A runner runs a distance of 3 km in 20 min , what is the speed \( \mathrm{in} \mathrm{m} / \mathrm{s} \) A business stocks 300 packets of beef -flavoured chips and 200 packets of tomatoe-flavourd Chips. The tomatoe -flavoured chips are not selling well, so the business decides to to decrease the number, they stock by \( 20 \% \). They also decide to increase the number of beef-flavoured chips, which are selling well, by \( 10 \% \). 1.6.1 How many packets of tomatoe chips are there after the decrease? 1.6 .2 How many packets of beef chips do they stock after the increase? A clothing store sells old stock at a \( 20 \% \) discount of its original price. If a pair of jeans now costs R160, what was its original price?

To calculate the speed of the runner, we first convert the distance from kilometers to meters (3 km = 3000 m) and the time from minutes to seconds (20 min = 1200 s). Using the formula Speed = Distance / Time, we find that the speed is \( \frac{3000 \text{ m}}{1200 \text{ s}} = 2.5 \text{ m/s} \).
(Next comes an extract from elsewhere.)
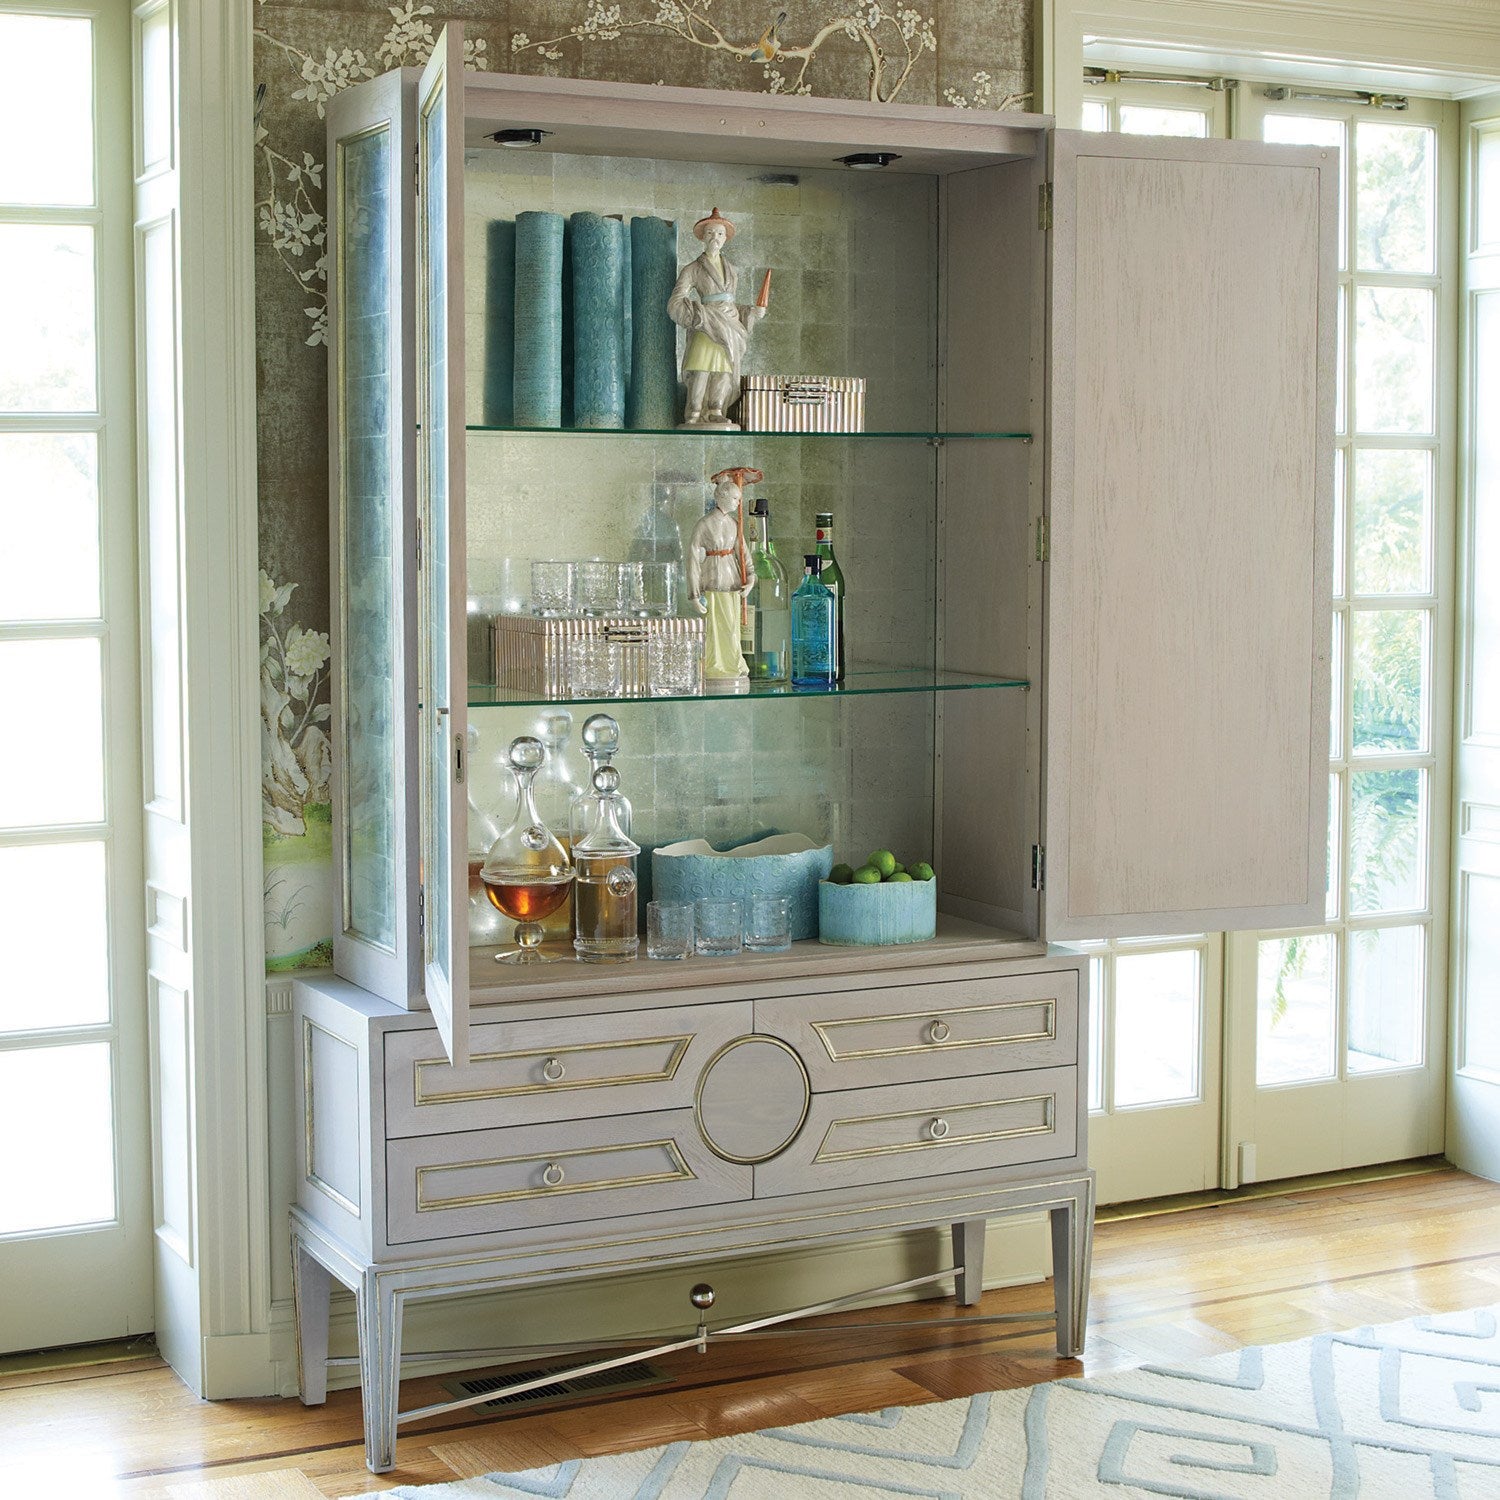 Collectors 56"W x 91"H Cabinet - Grey - Grats Decor Interior Design & Build Inc.

After decreasing the number of tomato-flavoured chips by \( 20\% \), we calculate it as follows: \( 200 \times 0.20 = 40 \) packets; therefore, \( 200 - 40 = 160 \) packets remain. For the beef-flavoured chips after a \( 10\% \) increase: \( 300 \times 0.10 = 30 \) packets more, resulting in \( 300 + 30 = 330 \) packets stocked. To find the original price of the jeans that are currently sold at a \( 20\% \) discount, we set up the equation. The selling price is \( 80\% \) of the original price. If the jeans now cost R160, then \( 0.8 \text{ (original price)} = R160 \). Thus, the original price is \( \frac{R160}{0.8} = R200 \).